I'm transcribing a bit of "Put On A Happy Face" from Bye Bye Birdie and I'm stuck. I've listened to it a hundred times, slowed it down to listen, isolated different parts of the audio spectrum, and everything I can think of. I've got a good bit of the song done but at around 1:04, this happens...

Just after the vocal starts, something in the strings section (probably violin) starts what is either a long glissando or a very fast slurred run that rises over an octave before it joins with the flutes. I need a second set of ears, preferably a string player or someone who's played this part. Is it a gliss or a notated run here?

Can anyone help me figure out what's going on here? Am I hearing correctly that it starts on C#4 and ends on B5?
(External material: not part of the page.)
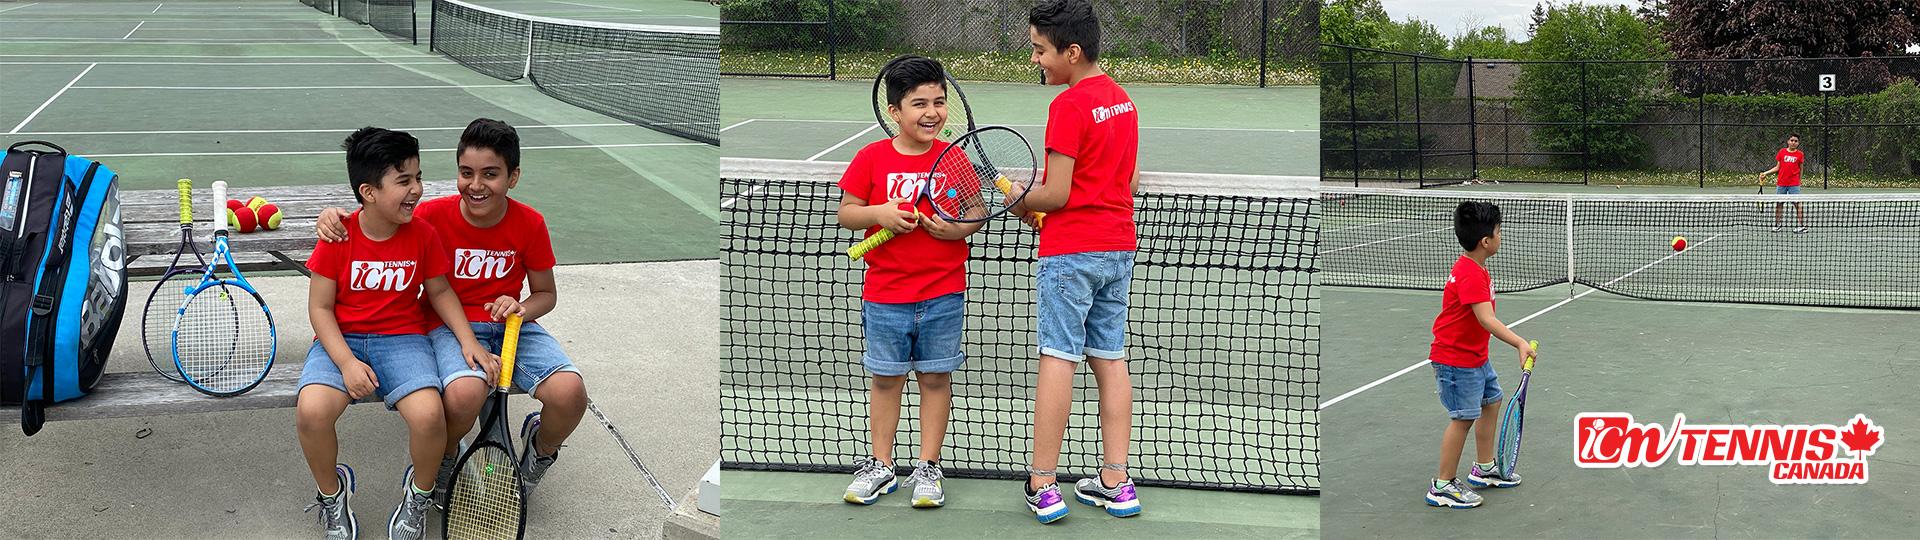 icmtennis - tennis lessons in Oshawa

PS - I looked in the piano score and it simply shows a whole note C# with no further indication. I don't have access to a full score.

  • 5
    Transcription questions are off topic. That said, if you can’t tell the difference, that means however you notate it should be performed so listeners can’t the tell the difference either. So notate it either way - or really whichever one is easier. You don’t have to reproduce the original score exactly, just the original sound Oct 31 '21 at 7:04
  • 1
    This question is not about transcribing a song, just identifying a particular technique. Reopen Oct 31 '21 at 16:58
  • 1
    I edited the title to make it more obvious this was about identifying what was going on, not transcription guidance.
    – Doktor Mayhem
    Nov 1 '21 at 12:59
  • "I don't have access to a full score": there probably isn't one. The "piano/conductor" score is typically as close as you can get. You'd have to look at the violin parts to see precisely what's written.
    – phoog
    Nov 1 '21 at 15:20
  • @PiedPiper if you post this as an answer I'd accept it. Sounds accurate to me. Does it start with the highest note on middle c# or an octave higher?
    – nuggethead
    Nov 1 '21 at 16:41

The passage is a five-part chord glissando over two bars for the violins and the cellos. Amaj7 to G#9 and ending on F#7(6) in the third bar. The first violin notes are written as whole notes in the piano-vocal score (C# F# A#).


If you are writing for stringed instruments and specify a glissando, be aware that the player will perform this as a portamento, which means a smooth transition from the lower pitch to the higher, with every intervening tone being sounded. Walter Piston, in Orchestration, writes:

A true glissando is made with one finger, on one string, with legato bow, and when it is properly executed all intervening stages of pitch are sounded between the indicated limits.

Source: https://archive.org/stream/PistonWalterOrchestration1969/Piston%20Walter_Orchestration%20%281969%29_djvu.txt

In the case of your example, I hear two distinct glissandi, from C# to F# and finally from F# to A#. When notating your example, it's important to place the start and the end notes of the glissandi exactly on the beats that they occur. So the C# is a half note, followed by a whole note F# and a whole note A#.